The Right-to-Life Committee was the first organization to sue the state just days after the new rules were signed into law. Since then, the Vermont ACLU and the Vermont Republican Party have also joined the suit, charging the law unconstitutionally restricts candidates' and a donors' rights to free speech.
Under questioning from Mark Lopez of the ACLU, Mark Snelling said Vermont's law favors the incumbent candidate, who typically already has name-recognition among voters and a campaign organization.
''The law sentences a great number of potential candidates, in essence, to unsuccessful campaigns,'' said Snelling, who is son of and adviser to the campaigns of the late former Gov. Richard Snelling and former Lt. Gov. Barbara Snelling. ''It will be virtually impossible to compete with incumbents to effectively get a message across'' to voters.

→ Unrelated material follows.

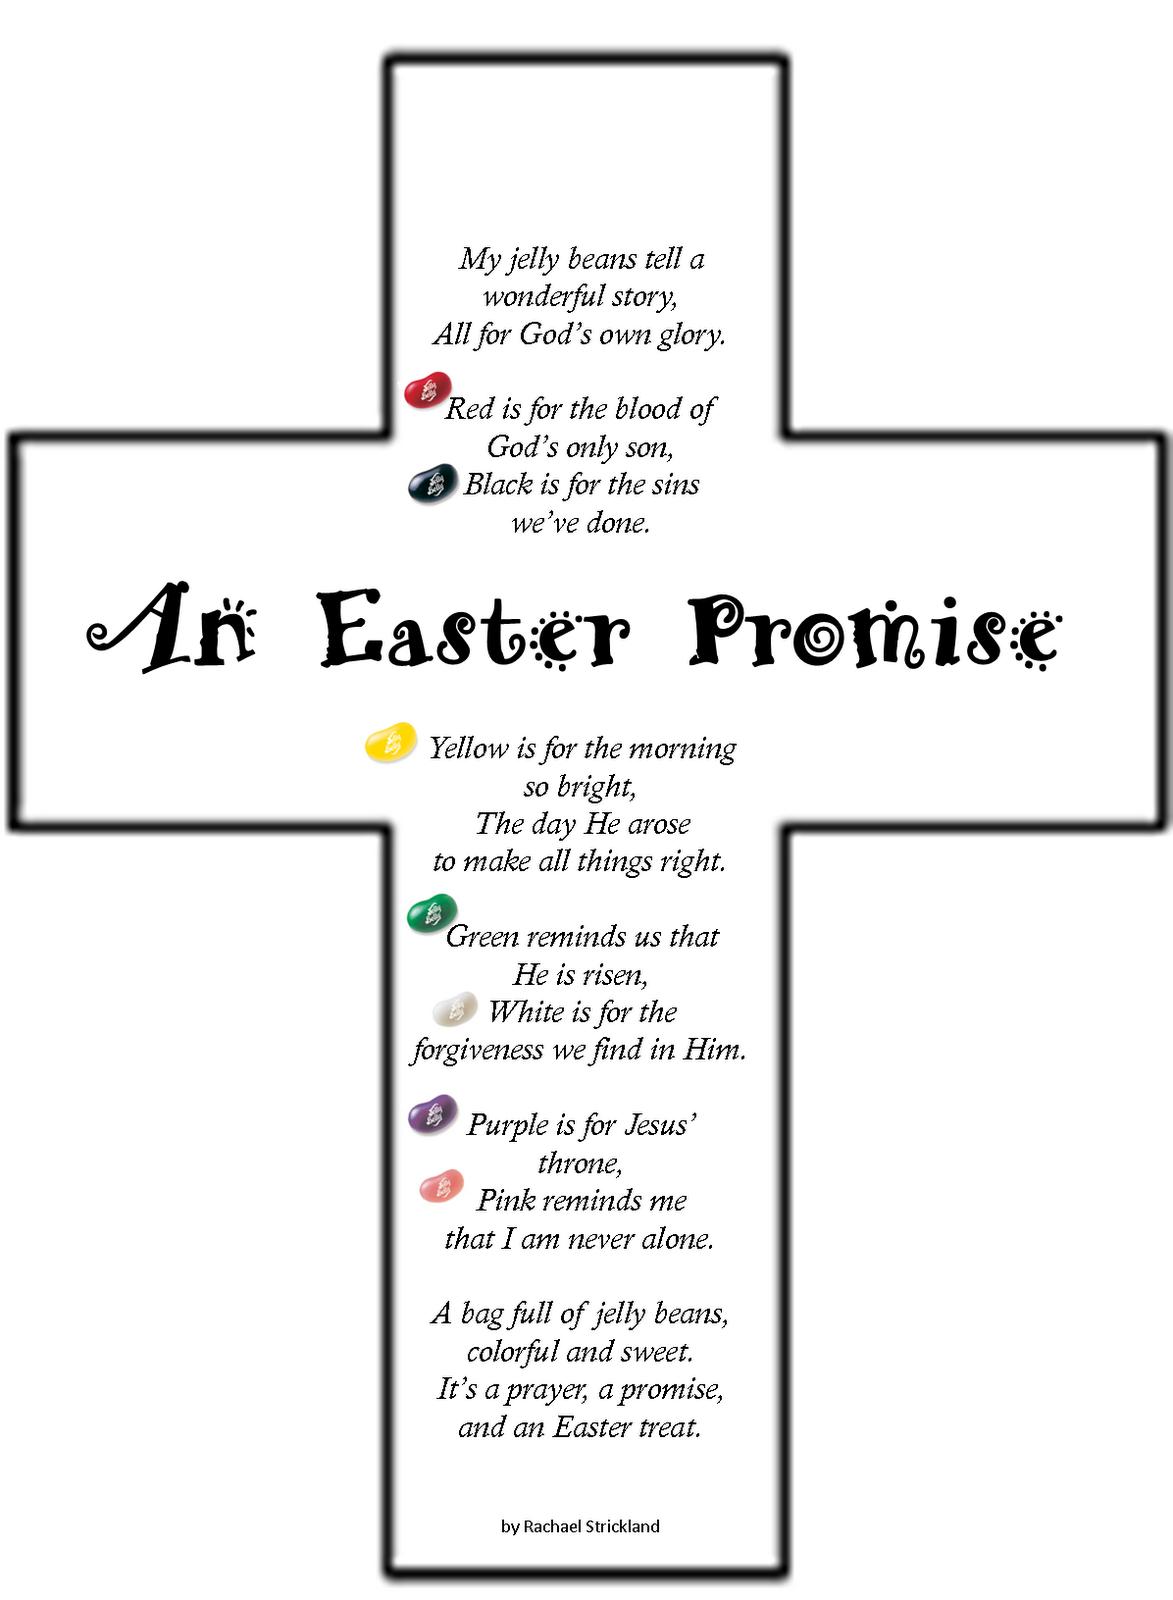 Teaching Integrity Easter Jelly Bean Poem

Under questioning from Assistant Attorney General Eve Jacobs-Carnahan, Snelling said that political parties would be forced to expand the pool of donors they draw on in financing political campaigns.

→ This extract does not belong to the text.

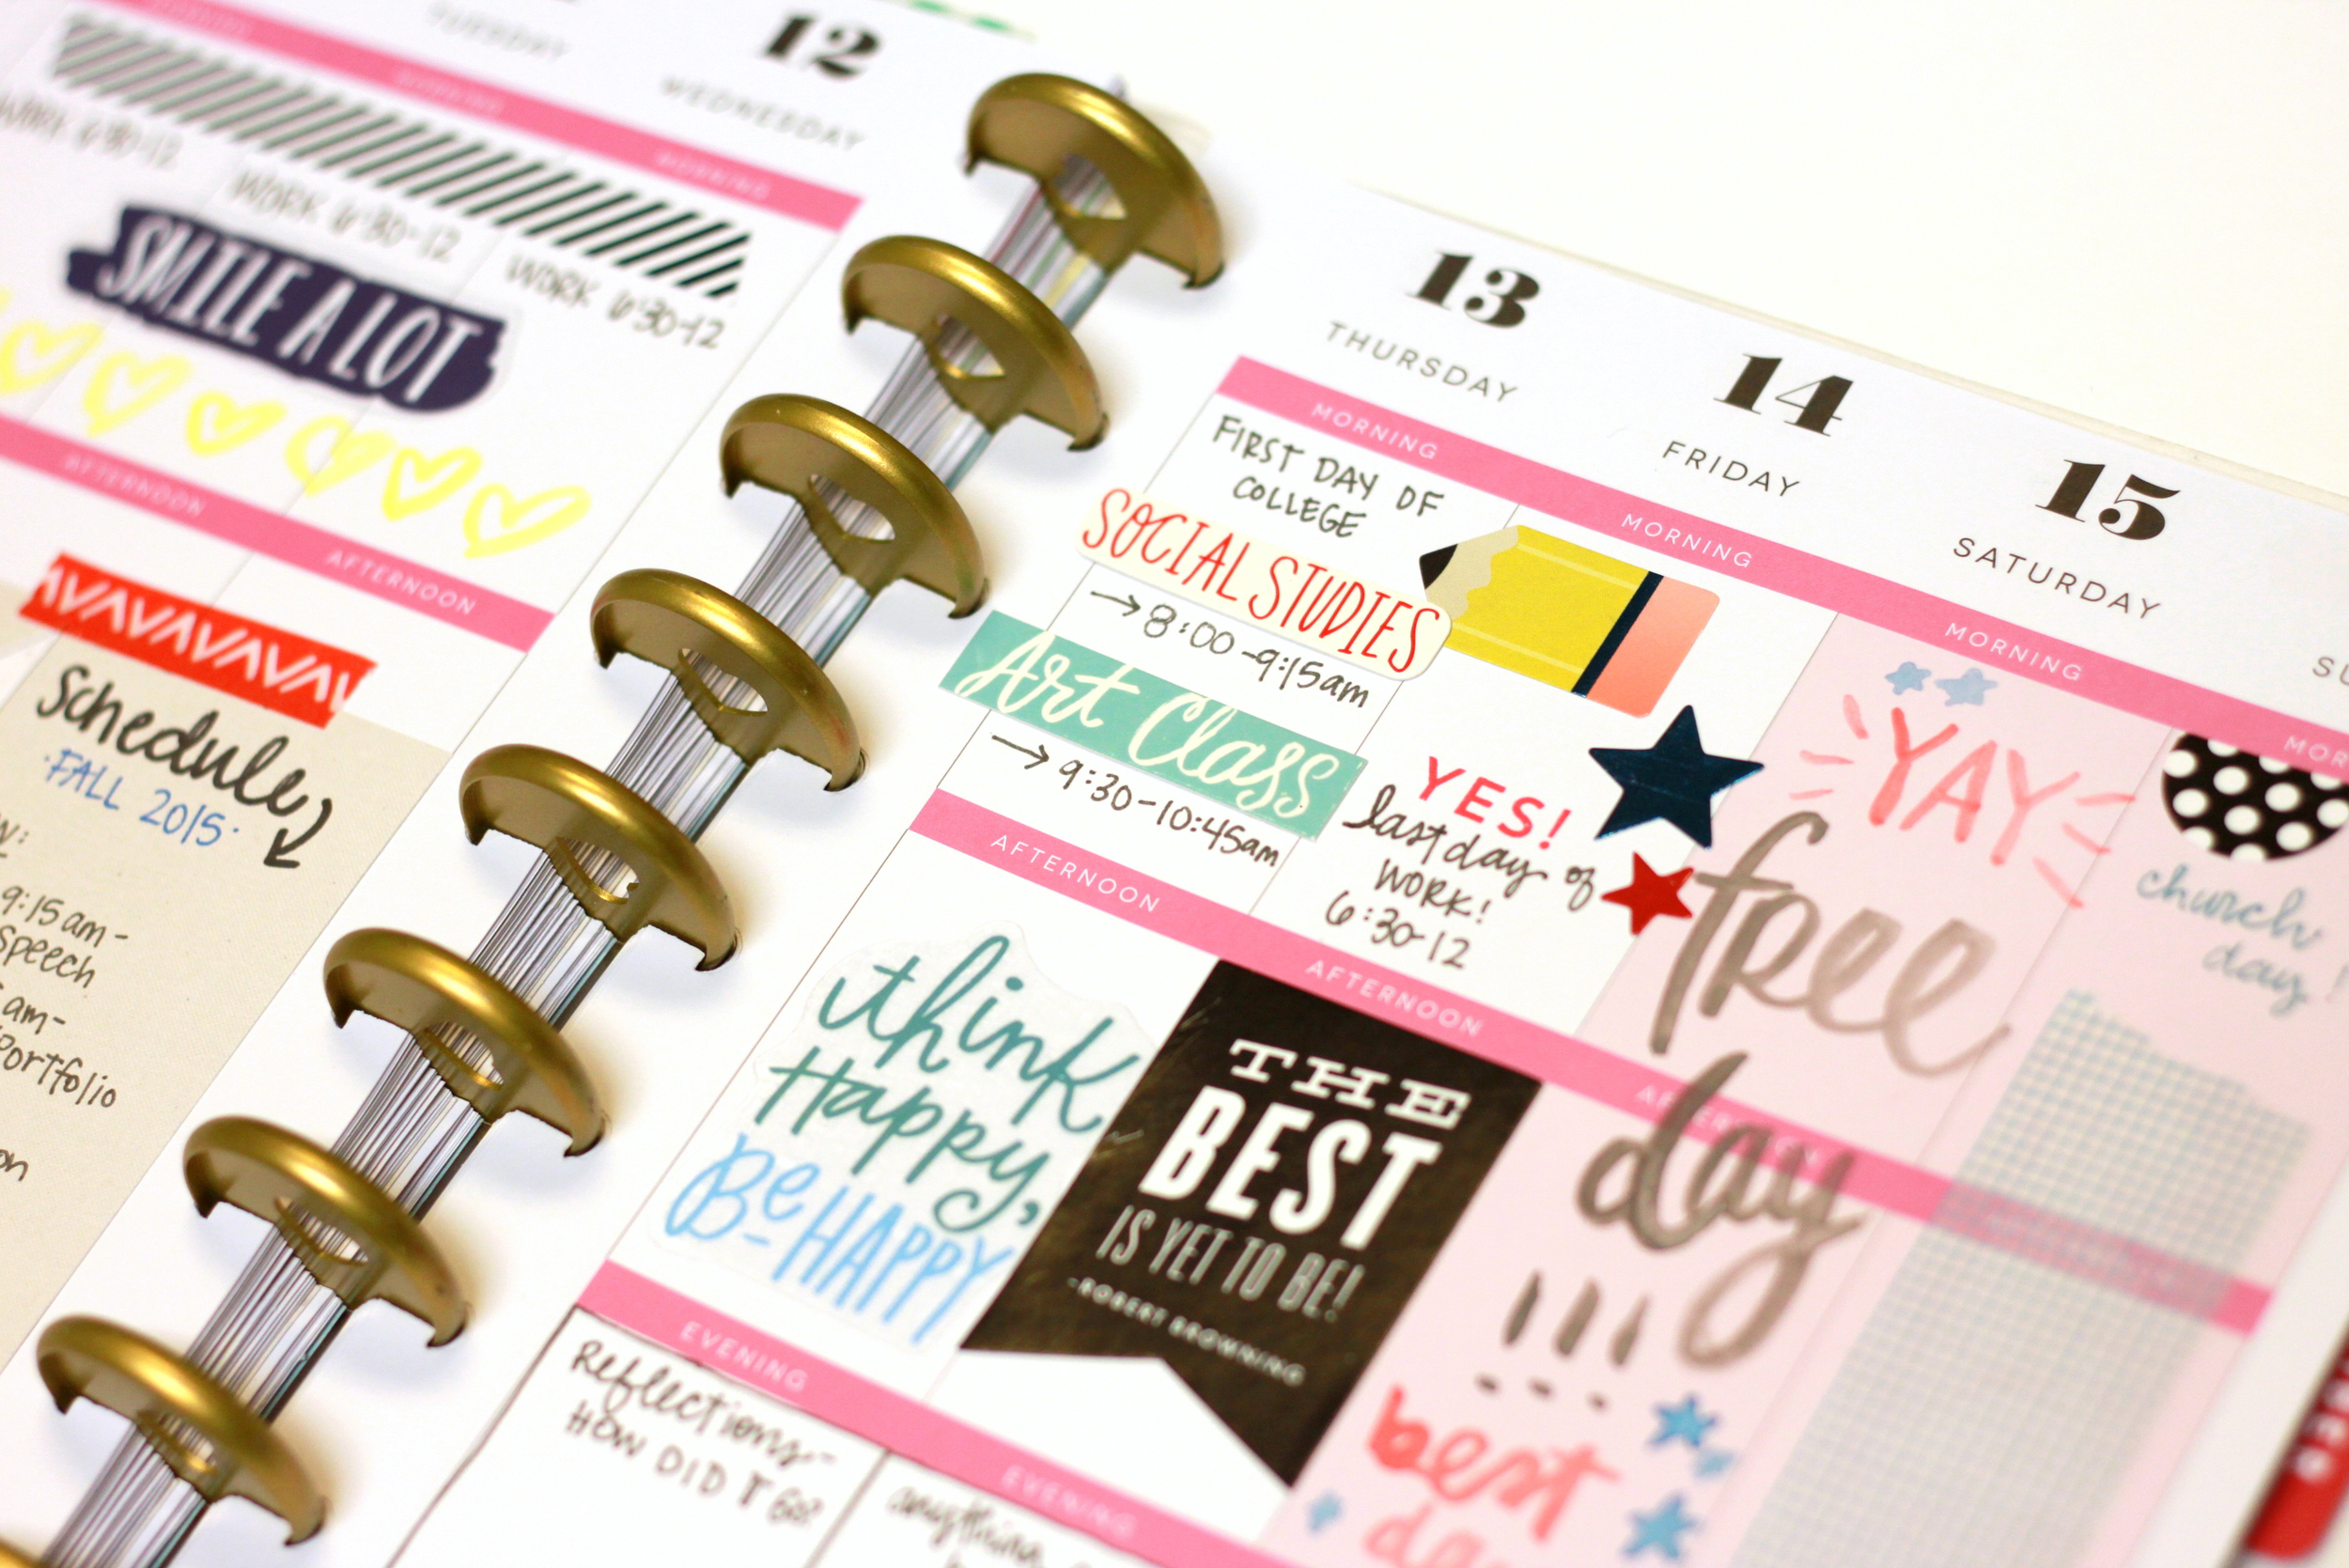 Fall 2015 semester in The Happy Planner™ of mambi Design Team member Heather Adams | me & my BIG ideas

For that reason, the law actually makes campaigns more expensive, said Darcy Johnston, a political consultant who has worked with Republican James Jeffords' past bids for U.S. Senate. Johnston testified that candidates must spend more money in attracting new donors, who are limited to a maximum contribution of $400 to a candidate in a statewide office in a two-year election cycle.
State GOP chairman Patrick Garahan testified that the law was too broad, and even contradictory, in its interpretation of a ''single source'' for political donations. Not only would the state Republican Party be forced to reorganize under the law, he said, but in doing so, the party would then be in violation of the existing laws governing organization of political parties.
Supporters of the law said they actually welcome the court challenge. The strategy, they said, is that ultimately, as one or the other side appeals the federal court decision, the U.S. Supreme Court will hear the case, and revisit the campaign finance issue.
It was the court's 1976 Buckley vs. Valeo ruling, which struck down many states' restrictions on campaign spending as unconstitutional.
At least three of the declared candidates for governor incumbent Democrat Howard Dean, Republican William Meub and Progressive Anthony Pollina have said they will accept the new law's public financing, which sets a $300,000 spending cap for challengers and $255,000 for an incumbent. Republican Ruth Dwyer said she will not accept public financing.
Nearly two dozen witnesses, including politicians, economists and campaign strategists, will testify in the trial, which is expected to last at least through May 19.